В трюме «баржонки» сыро, затхло, темно, лишь под люком ошметок света, да слабо белеют ряды мешков с сахаром и солью. Володя, разглядев их, ужаснулся:

— Елки-палки! Тут на год хватит. Тоже мне «баржонка» — линкор целый.

Кеха сдернул мешок:

— Слева — сладко, справа — солоно. Давай, Вовка, горб. Начали.

— Кеха, на год, говорю, хватит.

— На год так на год, по воздуху не перелетят. Горб подставляй.

Володя охнул под тяжестью мешка и, неверно покачиваясь, вступил на трюмный трап: мешок тянул назад, сползал со спины. Володя согнулся — чуть досок лбом не задевал — теперь мешок придавливал его, напирал на затылок — все трещины и сучки трапа разглядел Володя, пока не вылез на свет божий и бегом, бегом под безжалостными толчками груза к брезентовому навесу на берегу — «тух!» — с глухим стоном рухнул на землю мешок. Володя выпрямился, чувствуя, как тянущий хруст наполняет поясницу. Постоял, желая продлить передышку. Нехотя, с утренней ленцой покачивалась вода, ее слабое дыхание оставляло на песке полоску прозрачной, сахарной пены; у того берега, в отраженной тени сосен, насторожились лодки с рыбаками, их головы прикрывала, грела крыша из солнечных дранок — Володя вздохнул: «Клев сейчас должен бы-ыть! Елки-палки!»

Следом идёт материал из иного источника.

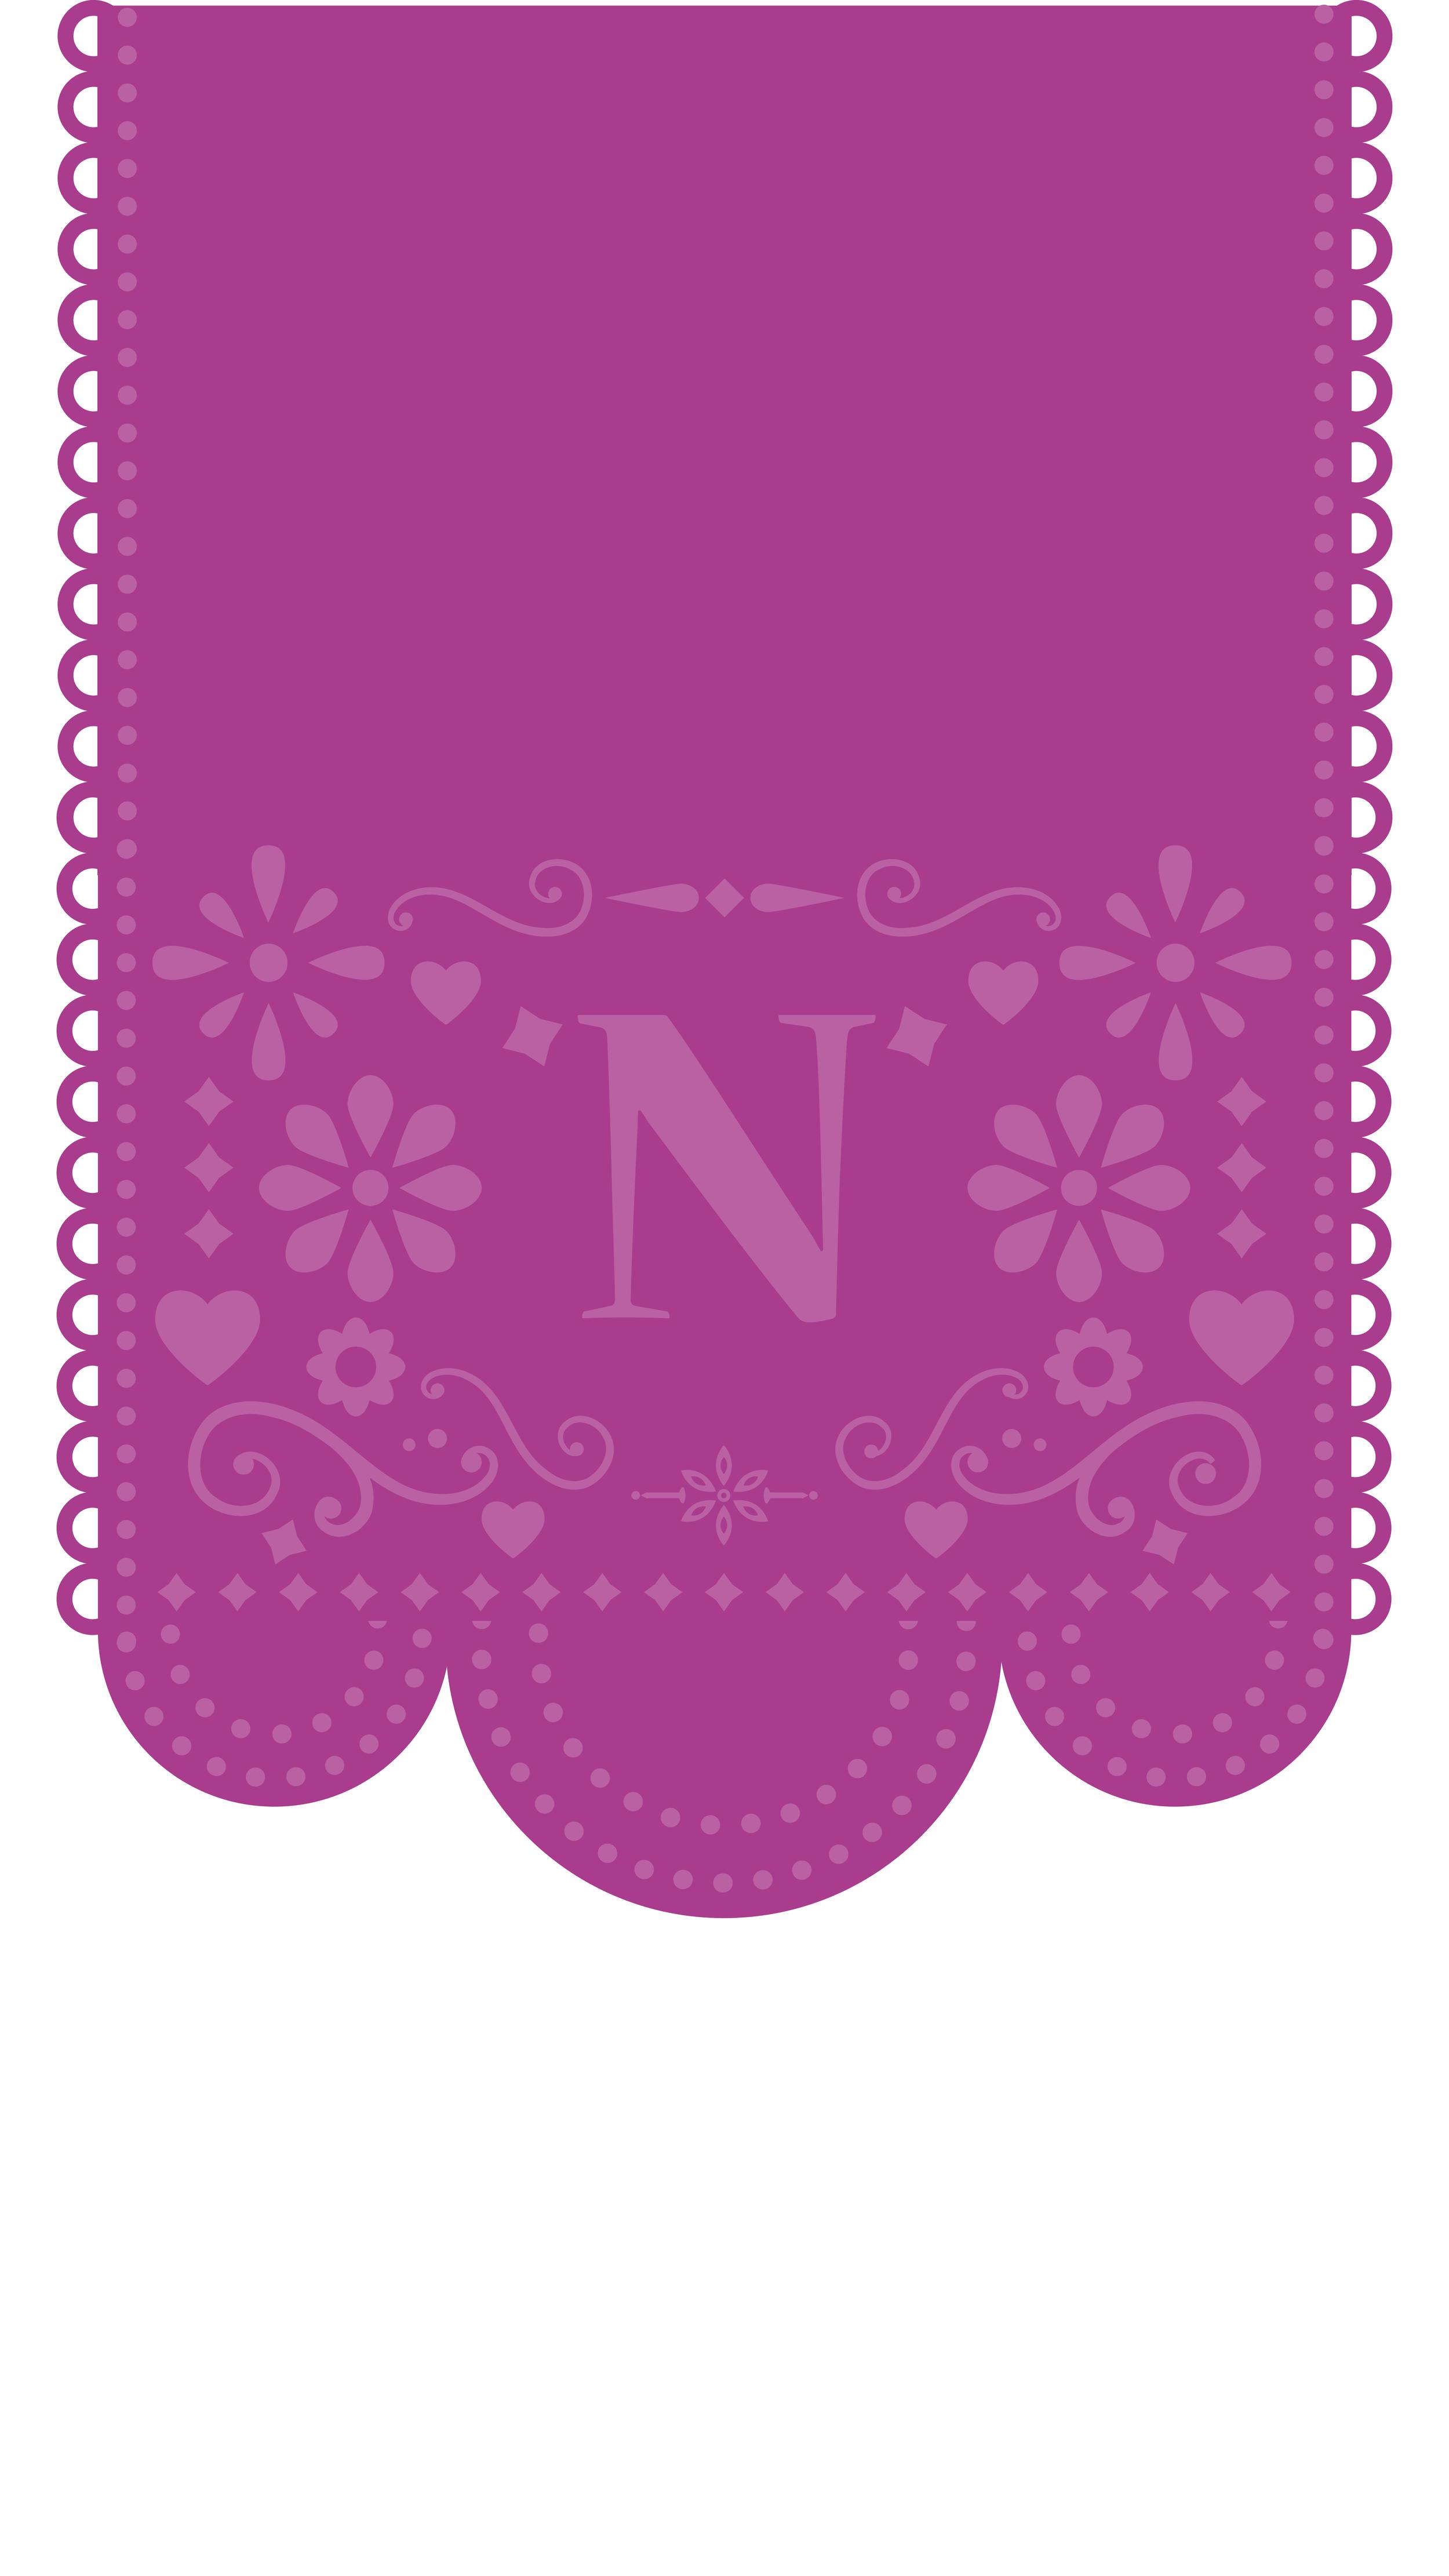 n-fiesta-banner.png

Как вынес пятый мешок, он не помнил — память изошла горячими ручьями пота, спину скреб соленый наждак, вся слабость скопилась в горле, хотелось реветь — ох и сладок же был затхлый покой трюма, где он сменил Кеху, сладок и тревожен: «Хоть бы Кеха упрел, как я, подольше, подольше бы отдохнуть!»

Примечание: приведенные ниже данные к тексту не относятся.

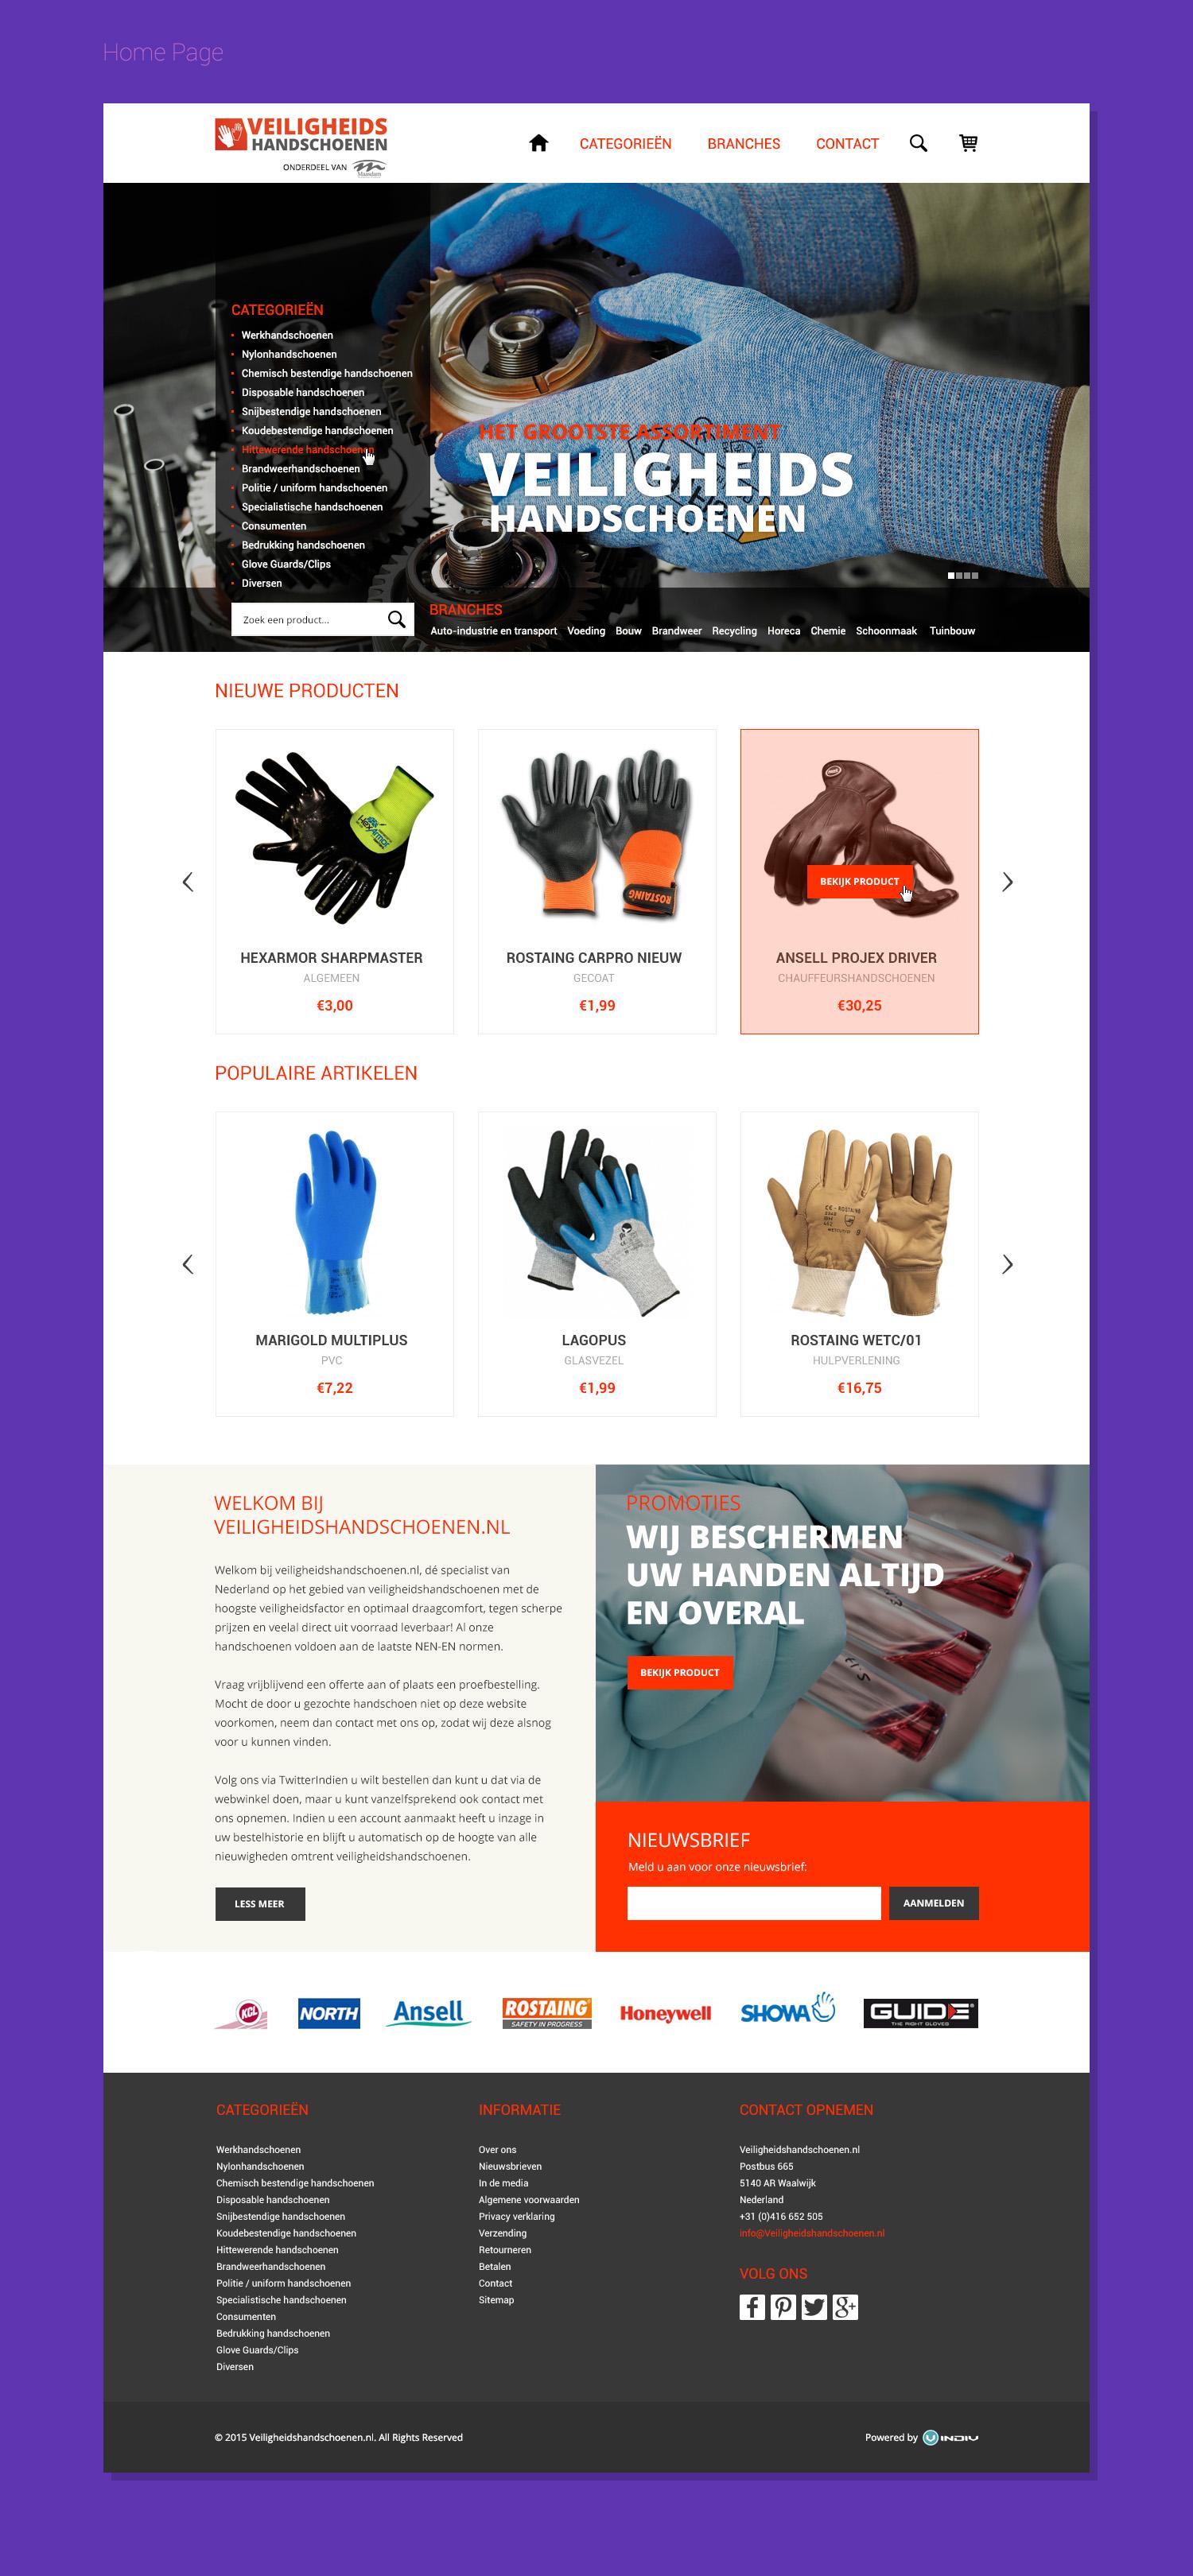 Veiligheids HandSchoenen www

Конечно, Кеха очень устал: запаленно, надсадно дыша, привалился к мешкам, долго вытирался подолом рубахи, и Володя уже подумал: «Сейчас скажет: давай плюнем, поищем чего-нибудь полегче», — но Кеха заправил рубаху, потряс кудрями, как бы окончательно освобождаясь от слабости:

— Пошли поедим.

К причалу сползлись катера, буксиры, самоходки, куцые безмоторные баржонки и присосались к его черно-смоляному брюху. Сухо трещали лебедки, звенели причальные краны, надрывался хор гудков — над всеми этими механическими звуками возносилось нервно-радостное, живое:

— Эй! Берегись, сторонись! Эй!

Володя едва увернулся: мимо проплыл смуглый потный человек с кулем цемента на плечах; он оттолкнул Володю злым, черным глазом, выдохнув: «Эть!»; следом надвинулась мощная рыжая грудь, громадный куль пропадал среди вспученных белых бугров. «Зашибу, пацаны!» — тонко и высоко пропел голос. Неумолимое движение блестевших напряженных тел рождало странный обман зрения: плетеные двужильные тросы кранов, лебедок вдруг зачернели тонко, ниточно — живая, древняя сила мышц заслонила могущество металла.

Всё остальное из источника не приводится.